На небольшой террасе у нижнего ряда домиков-коробочек, защищенные от ветра, стояли кресла. На спинке каждого висел теплый плед, предохраняющий от сырости и холода. Ясное небо, усеянное неприветливыми звездами, чернота зияющего под ногами обрыва — всё напоминало морозную ночь где-то на севере.
— Никак не могу привыкнуть к мысли, что я в Африке. А вы, доктор? — спросил Хук.
— И я.
— Вы здесь не хуже себя чувствуете, чем в Холпе?
— Нет, нет, пожалуй, даже бодрее. Вот только…
— Вас всё больше и больше огорчают протоксенусы?
— Хуже. Люди наши. Особенно Ялко. Знаете, он как-то слился с протоксенусами. Порой говорит об их «философии», об их отношении к людским проблемам, словно выступает их дипломатическим и полномочным представителем. И не он один.
— Холодно уже становится, а хочется еще побыть на воздухе.
— Да, видимо, уже пора забираться в наши пеналы.
— Не сетуйте, доктор. Сами знаете, здесь трудно создать комфорт больший, чем это удалось.
— Ну что вы, Хук, вам это удалось превосходно.
— Вы же знаете мой девиз: всякое дело надо делать хорошо, если нельзя не делать вовсе. Смотрите, сюда идет Крэл.
— Крэл, что это у вас, неужели догадались притащить бутылочку французского?
— Сыро ведь здесь, зябко.
— Вот молодчина. Подсаживайтесь поближе и сразу же берите плед. Вы сейчас снизу? Что там, в центре?
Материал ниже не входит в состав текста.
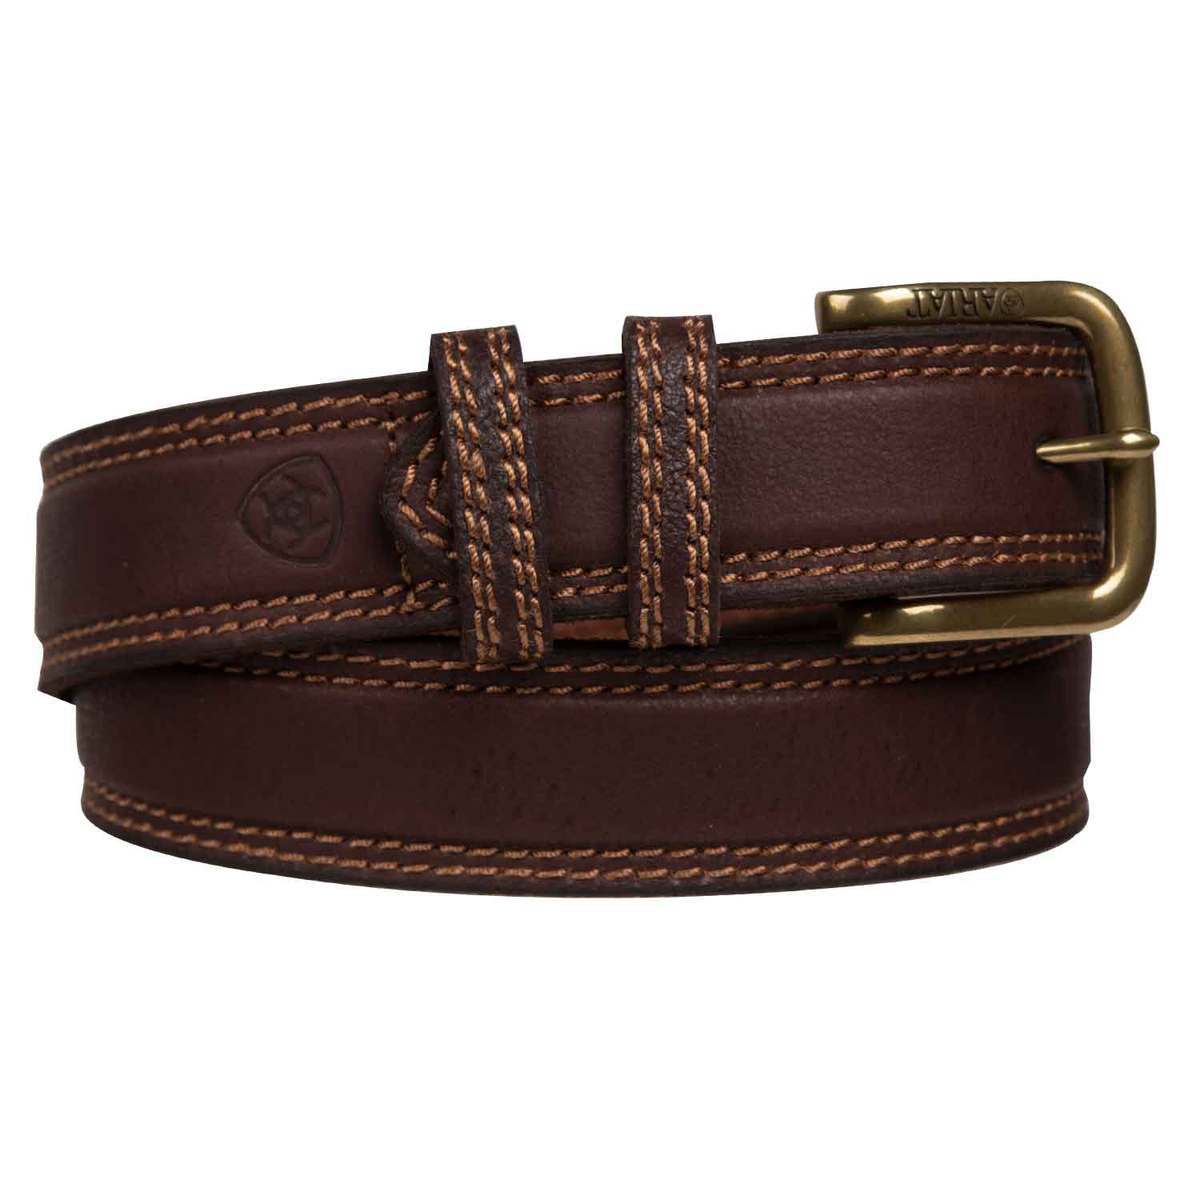 Classic Stitched Leather Belt

— Наладили передачу записей на экраны верхней лаборатории и на главный пульт. Теперь от сумматоров будем получать расшифровки прямо сюда.
— А каковы сигналы?
— Хаос.
— Не будем терять надежды. Вы чем-то обеспокоены. Крэл?
— Настроение отвратное.
— Неудачи?
— Не только это. Альберт Нолан.
— Что, что с ним? — Ваматр даже вывернулся из пледа и поставил на столик рюмку с недопитым коньяком.
— Я получил от пего письмо. Он предупреждает всех нас, что мы, по его мнению, теряем контроль над протоксенусами. Он очень ясно намекает, что не допустит их распространения, так как это может привести к страшным последствиям. Письмо суховатое, если не сказать больше.
— Но ведь они у нас в кратере и ничего поделать не могут!
— А их попытки взлететь? — спросил Крэл.
— Таких попыток не было.
— Следовательно, Нолан лжет?
— Альберт не может сказать неправду! — убежденно сказал Ваматр. — Никто, поймите, Крэл, никто из наших дежурных этого не видел.
— Оказывается, — Хук помедлил, — оказывается, один человек всё же видел.
— Кто?
— Лаборант Грэо.
— Грэо? Да как же он мог, как посмел не занести в протокол, не сделать записей в лабораторном журнале? Ну хотя бы устно… Нет, нет, его надо немедленно… Я не знаю что, но что-то надо сделать немедленно. Уволить! Да, да, прежде всего уволить.